Er war schnell der Buhmann. Dass Thurston Moore eine Neue (und Jüngere) hatte, die prominenteste und eine der langlebigsten Ehen im Alternative-Rock ein jähes Ende fand und damit Sonic Youth vor dem Aus stand, das alles wurde von Kim Gordon ans Licht der Öffentlichkeit gebracht, nicht von dem stillen Schlacks, der zusammen mit Kim Gordon und später Lee Ranaldo und Steve Shelly dreißig Jahre lang mit Sonic Youth dem Noise-Rock Intellektualismus einhauchte.

Inzwischen sind genügend Jahre ins Land gegangen. Kim Gordon hat sich erstaunlich weit, vielleicht zu weit, aus dem Fenster gelehnt mit Biographie und einigen Plaudereien aus dem Trennungsnähkästchen, während Thurston Moore fast keine Silbe öffentlich darüber verlor. Und beide haben seit der Trennung von Sonic Youth 2011 hinreichend Musik veröffentlicht für ein kleines Zwischenfazit der Post-Sonic-Youth-Zeit.

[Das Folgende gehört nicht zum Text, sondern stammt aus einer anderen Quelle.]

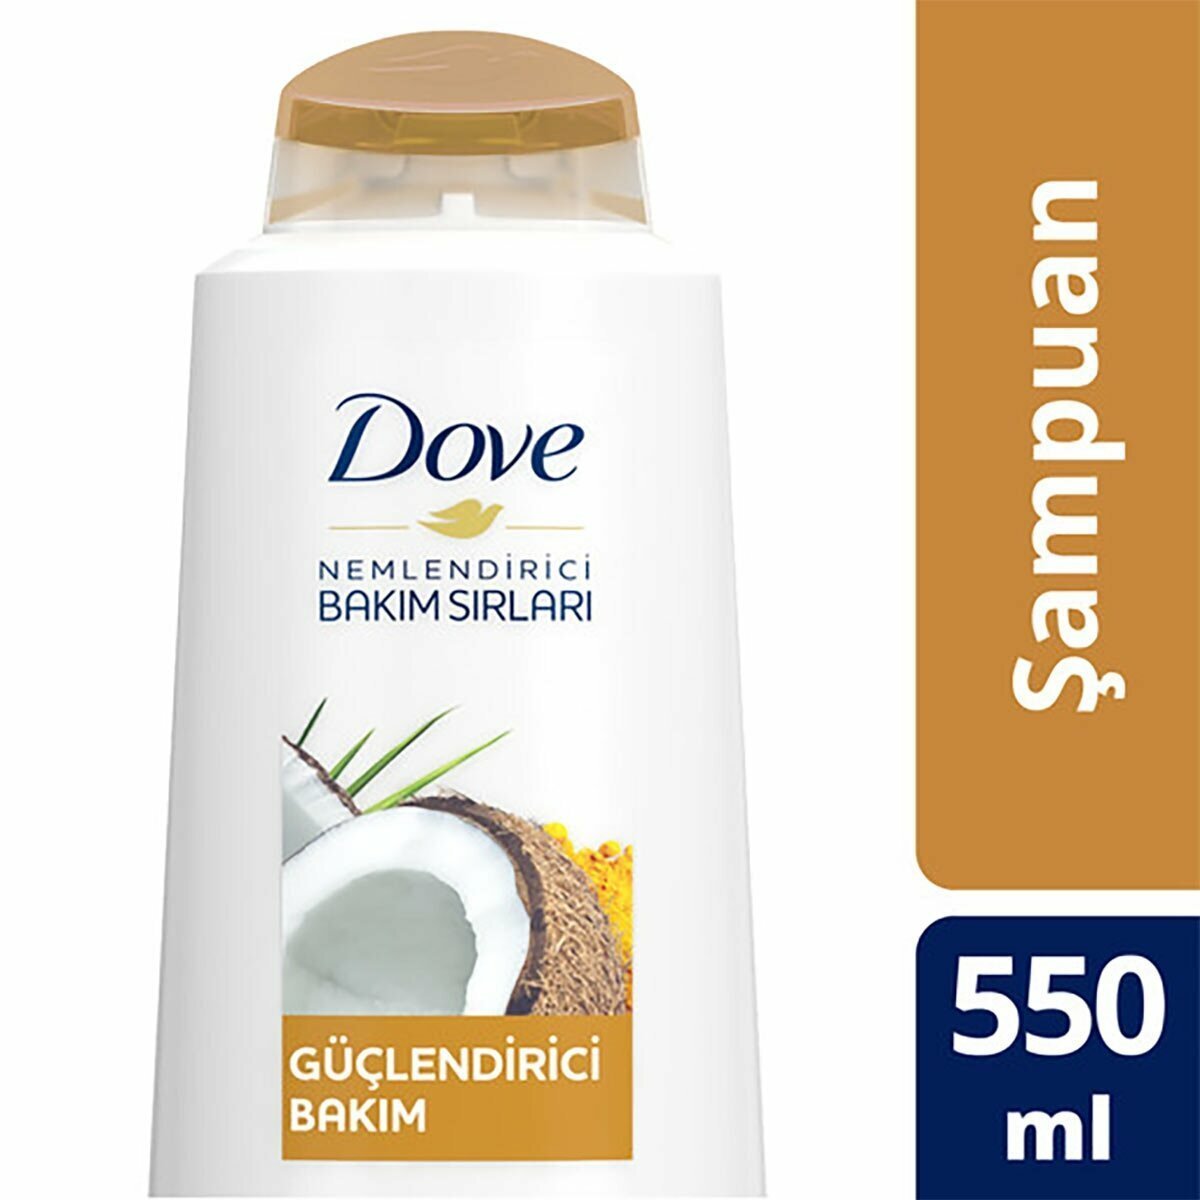 Dove Hindistan Cevizi Yağı ve Zerdeçal Yağı ile Güçlendirici Bakım Şampuanı 550 ml
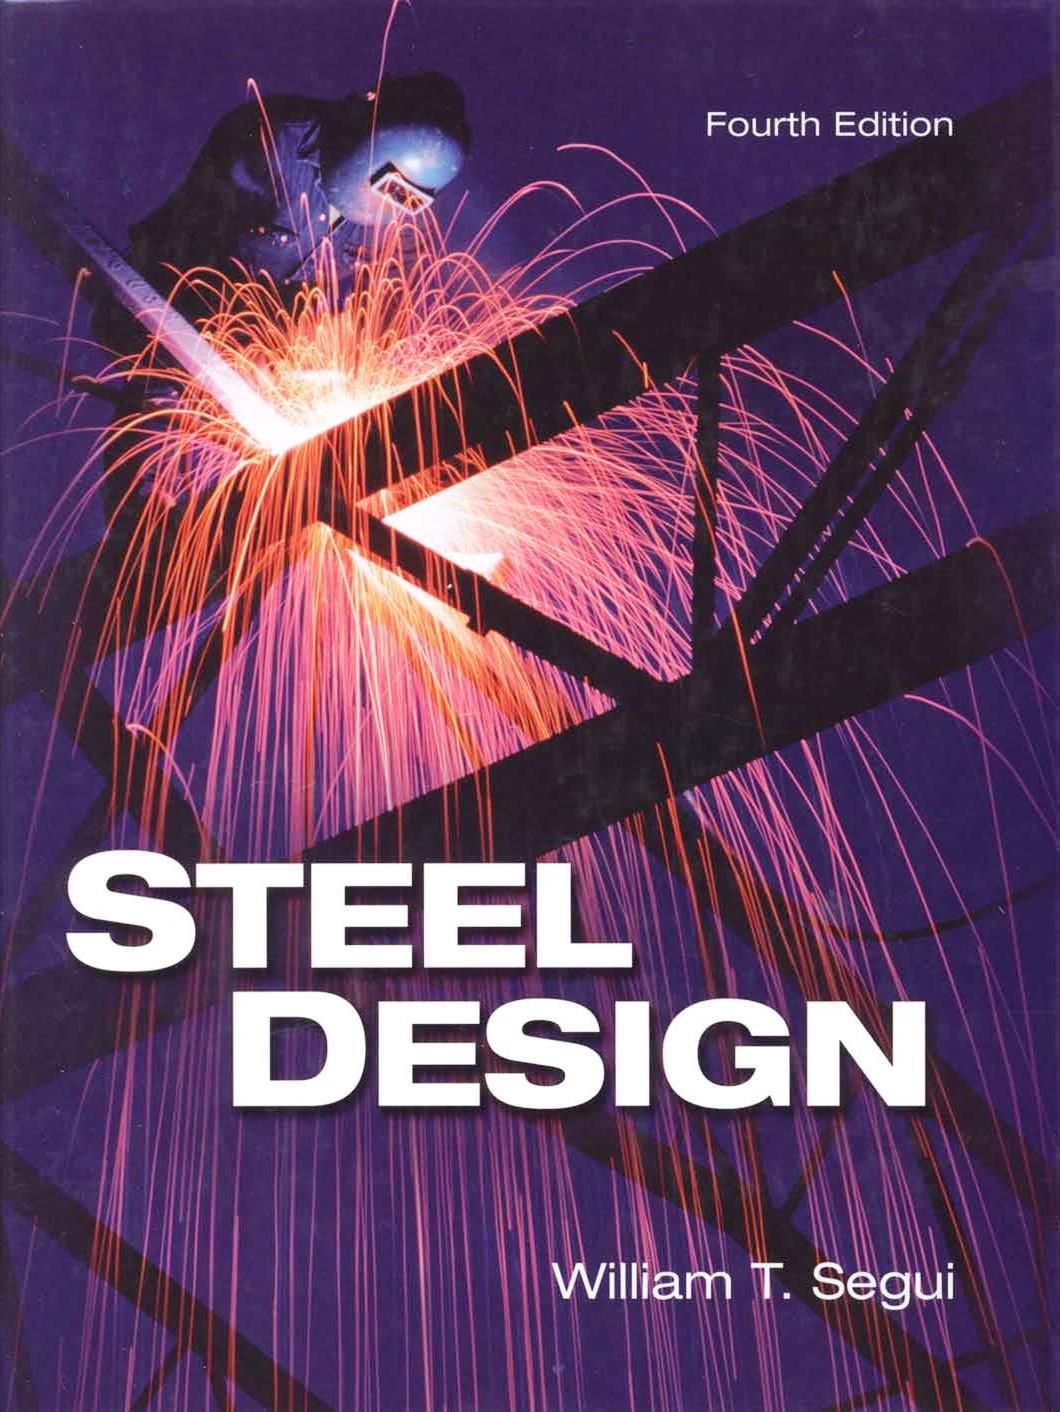 (PDF) Download Steel Design William T. Segui 4th Edition

Spätestens jetzt, mit Thurston Moores fünften Soloalbum „Rock’n’Roll Consciousness“, steht für mich fest: Der relevantere Teil des musizierenden Ehe-Duos Moore/Gordon für die wichtigste Noise-Band der Rock-Geschichte war Thurston.

Was für ein Rock-Album „Rock’n’Roll Consciousness“ geworden ist! Bittersüß, schmerzlich schön, ist es das nächstmögliche Sonic-Youth-Album, das Anhänger so sehr ersehnen und wohl nie bekommen werden.

Kaskaden von Melodie-Läufen; fünf Songs, aber 43 Minuten Spielzeit; die große Repitition von Gitarren-Sounds, die Sonic Youth so unnachahmlich machten: Thurston Moores neues Album hat so viel vom alten Sound, fast wird es erklärbar, dass er das Alte hinter sich ließ: weil er es musikalisch gesprochen schlicht nicht mehr braucht.

Aber nur fast. Sonic-Youth-Drummer Steve Shelly poltert durchaus verjüngt neben den Gitarren-Sounds her. Der zweite Gitarrist James Sedwards hingegen mischt schöne Blues-Akkorde unter Moores stoischen Hypnose-Rock, wie man sie bei Sonic Youth nie zuhören bekommen hat.

Und My Bloody Valentine Bassistin Debbie Googe lässt den Bass wesentlich weniger herausstechen als es Kim Gordon tat, setzt ihn eher ein wie eine grundierende Farbrolle, statt wie einen akzentuierenden Pinsel.

Und an dieser Vergleicherei wird gewahr, dass es das Genuine an Sonic Youth tatsächlich nur mit beiden, nun getrennten, Musikerköpfen geben kann. Es fehlt die Kim Gordon eigene Manie hier, das Wagnis zum Experiment, die Erhebung des Rock-Sounds zu einer Kunst- und Performance-Art.

Thurston hat seinen Frieden damit gemacht. Elegische Lyrics, die die Liebe besingen, machen diesen Gitarren-Trip zu einem wunderschönen Melancholie-Album. Sein jetziger Sound mag sehr nah an die Sonic Youth Zeiten heranreichen und dabei sehr schön klingen, ein Zurückdrehen der Uhr indes, wird es nicht geben.